** Opening Extracted information block **

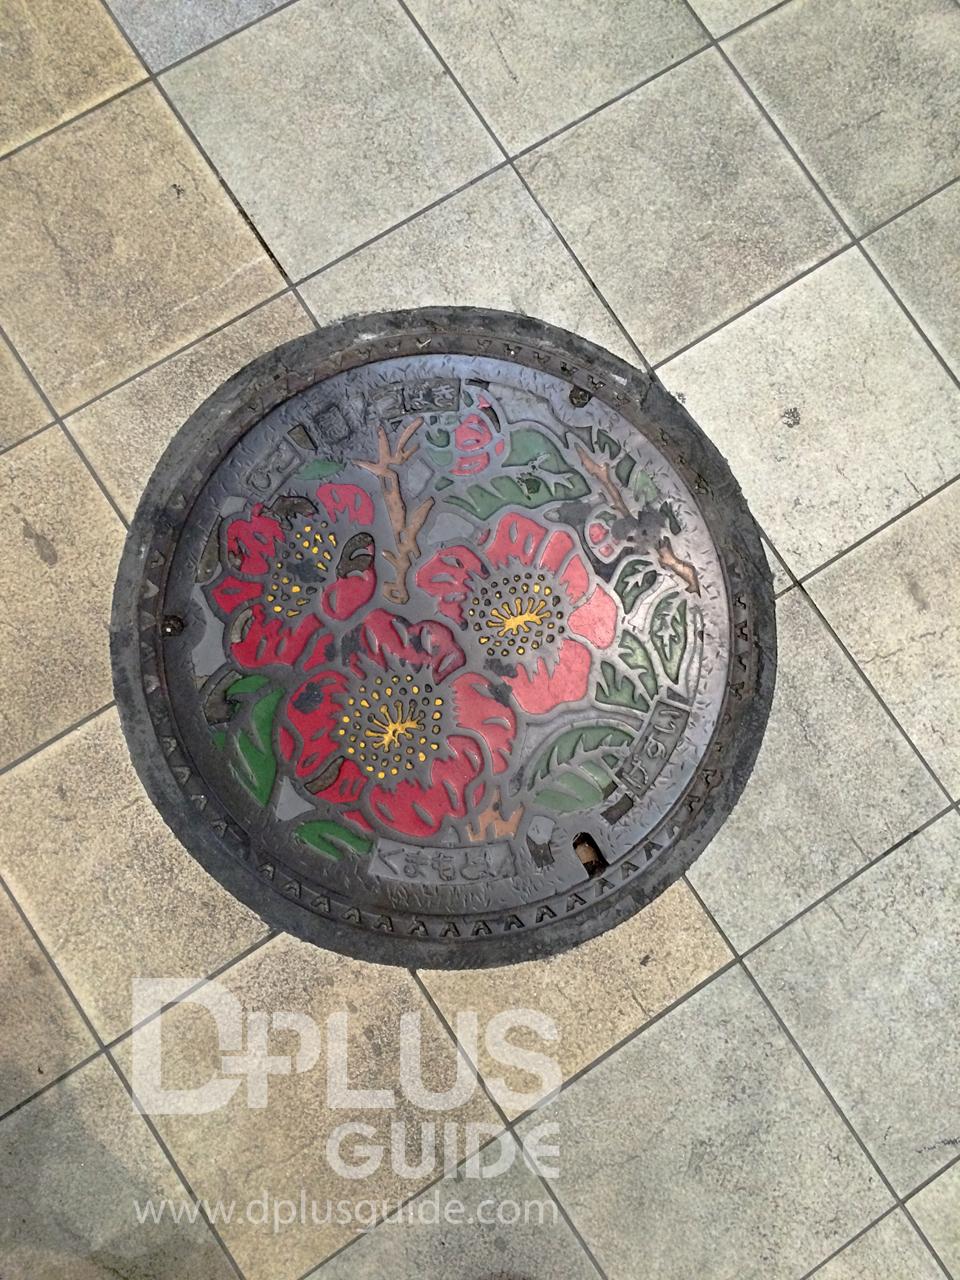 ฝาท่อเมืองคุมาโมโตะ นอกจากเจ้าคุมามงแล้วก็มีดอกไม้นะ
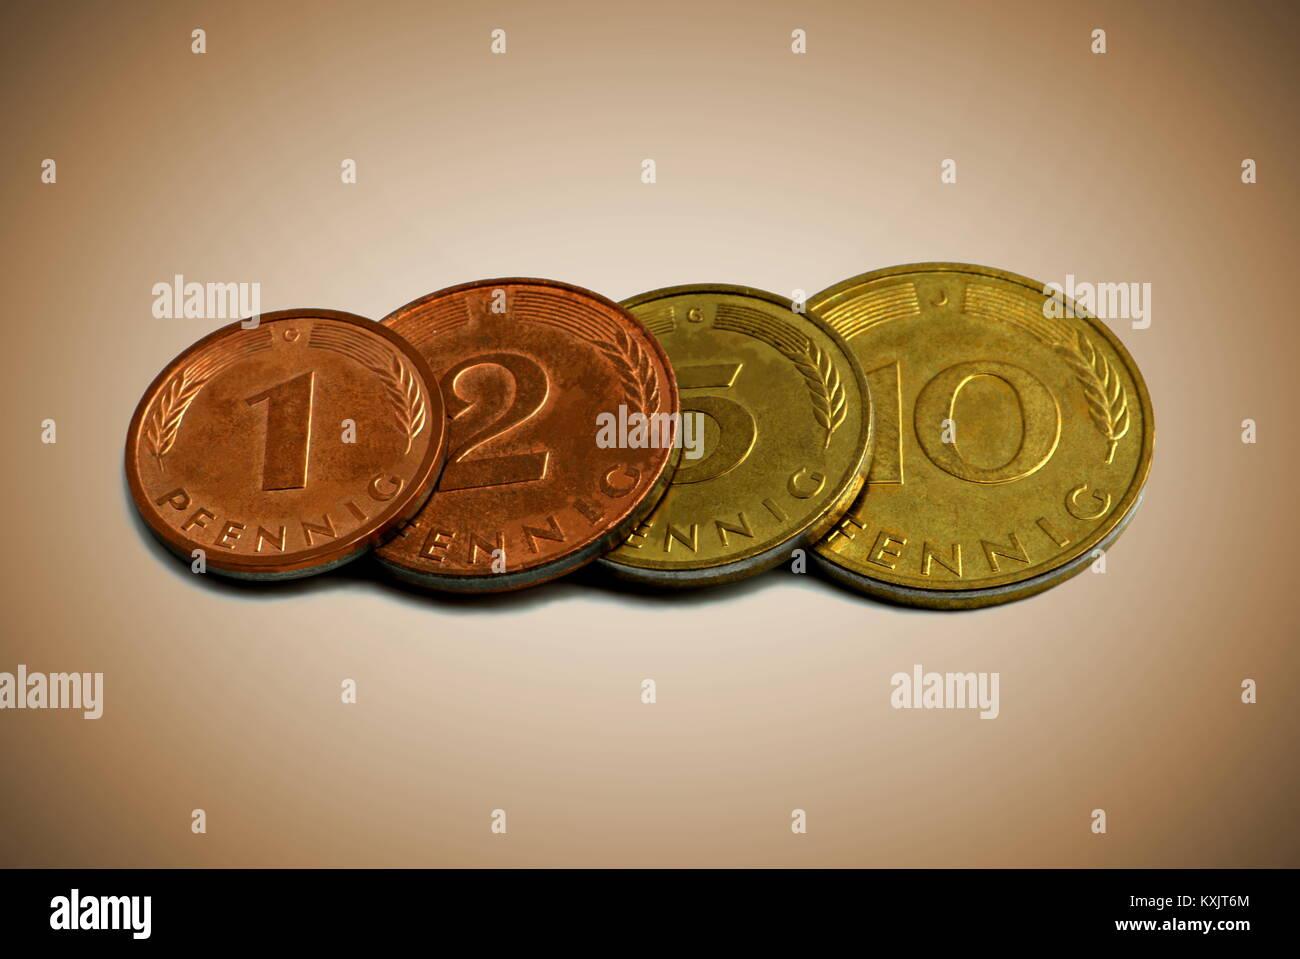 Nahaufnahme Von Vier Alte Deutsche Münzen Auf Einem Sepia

** Closing Extracted information block **
** Opening Extracted information block **

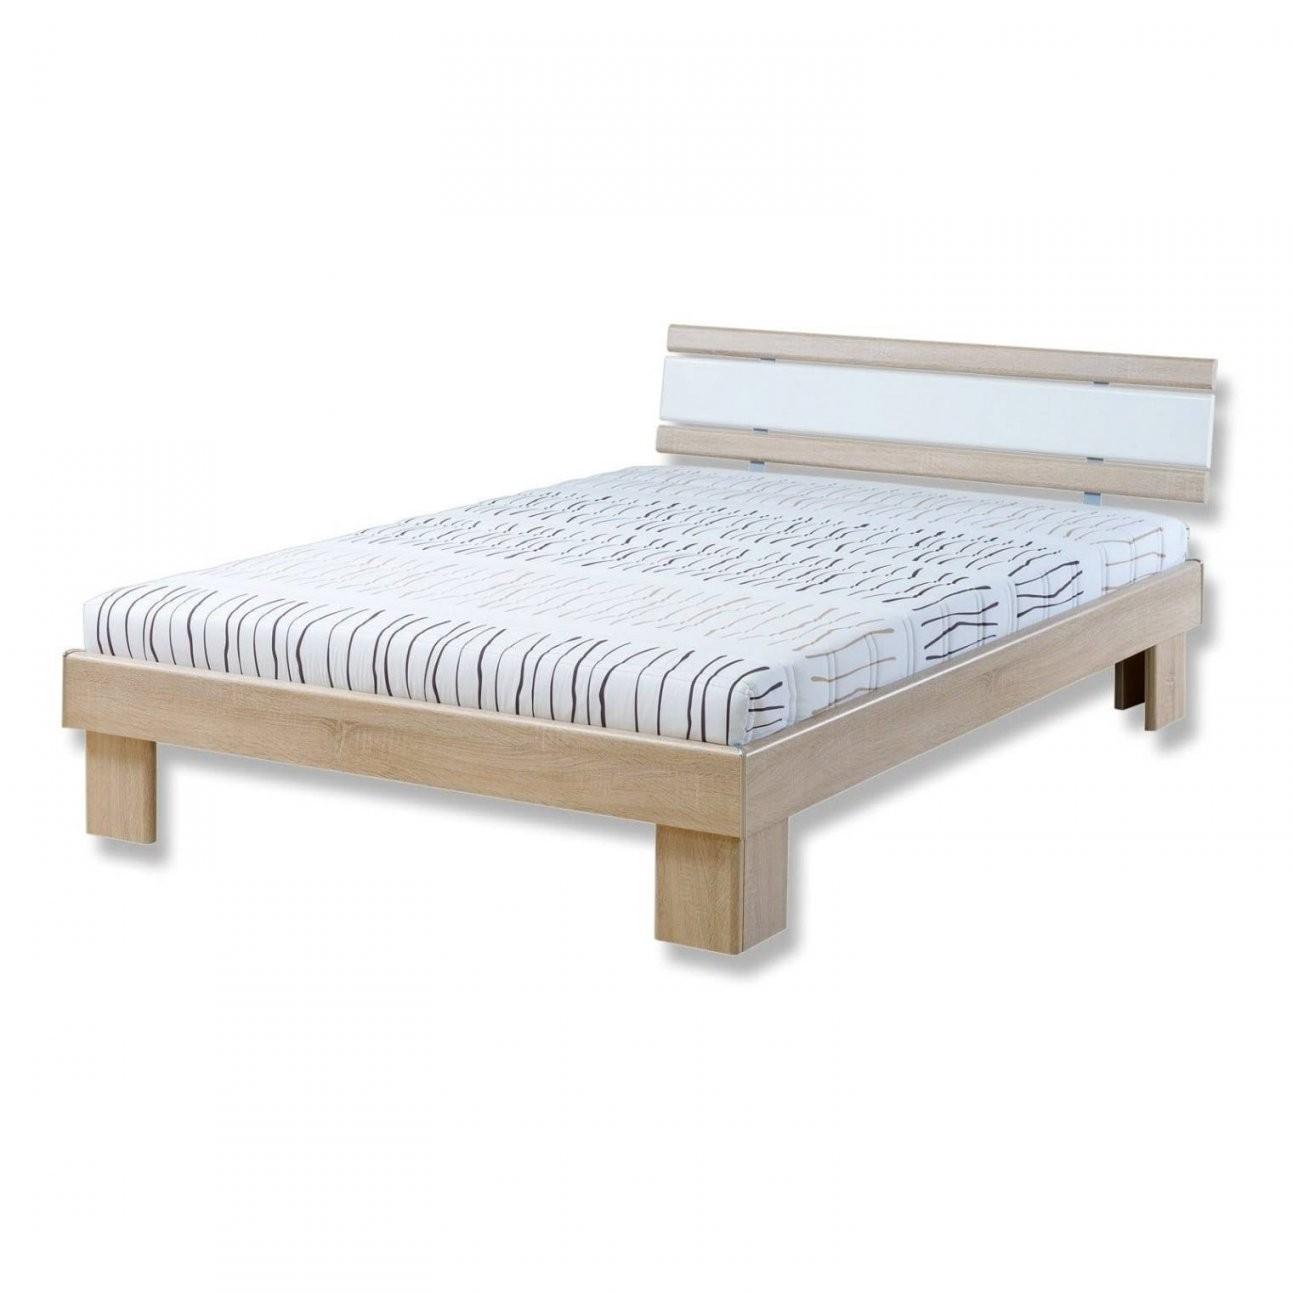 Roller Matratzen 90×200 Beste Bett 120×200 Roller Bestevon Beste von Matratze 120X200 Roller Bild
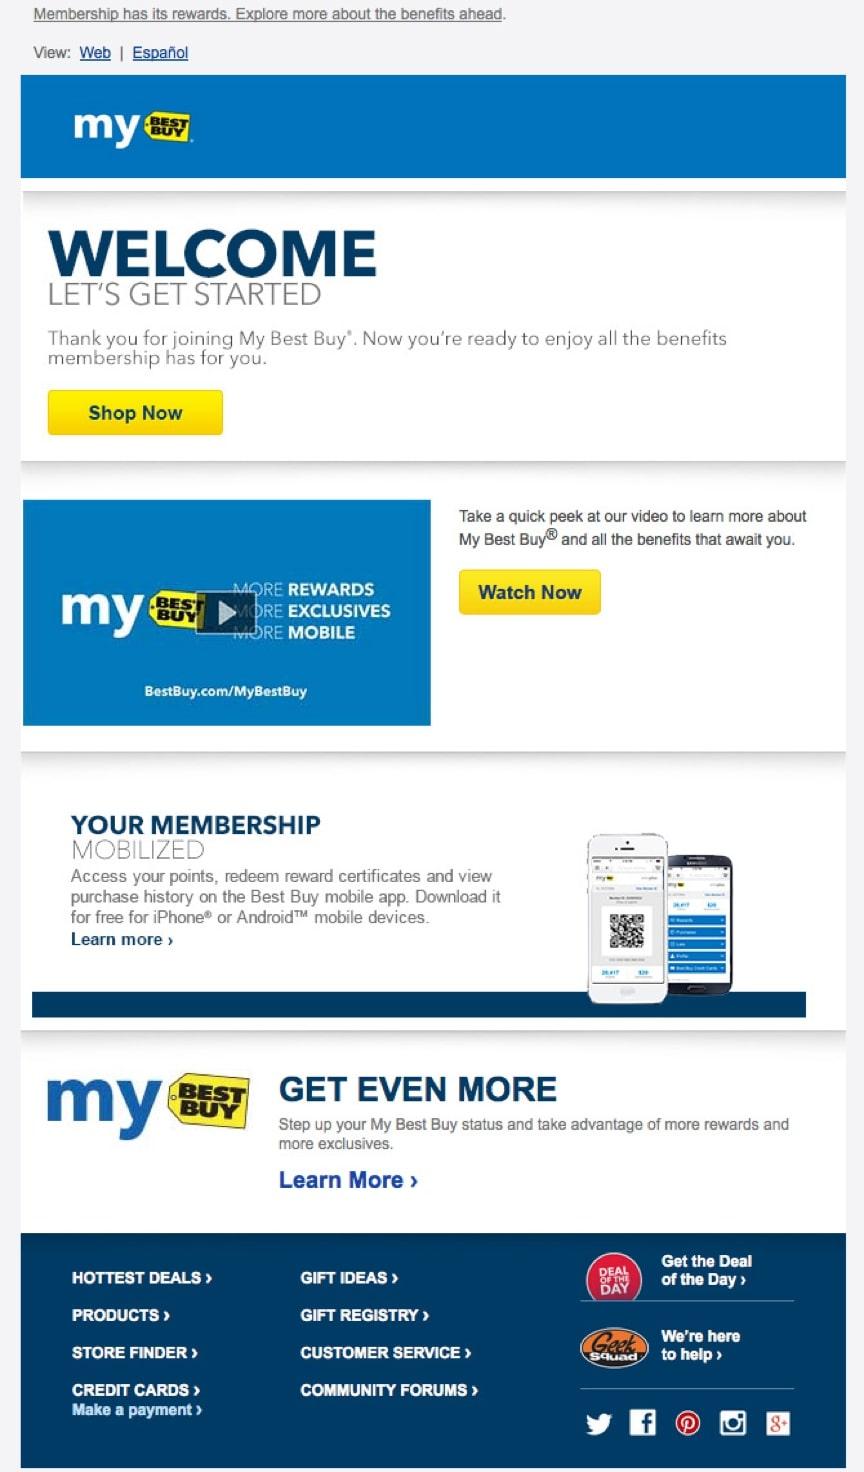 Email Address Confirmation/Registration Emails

** Closing Extracted information block **

What you need to do
In the listing above, find the line containing "ฝาท่อเมืองคุมา" and the line containing "Nahaufnahme Von Vier", then output those two lines and everything between them exactly as written, without the images.

Solution
 ฝาท่อเมืองคุมาโมโตะ นอกจากเจ้าคุมามงแล้วก็มีดอกไม้นะ
 Nahaufnahme Von Vier Alte Deutsche Münzen Auf Einem Sepia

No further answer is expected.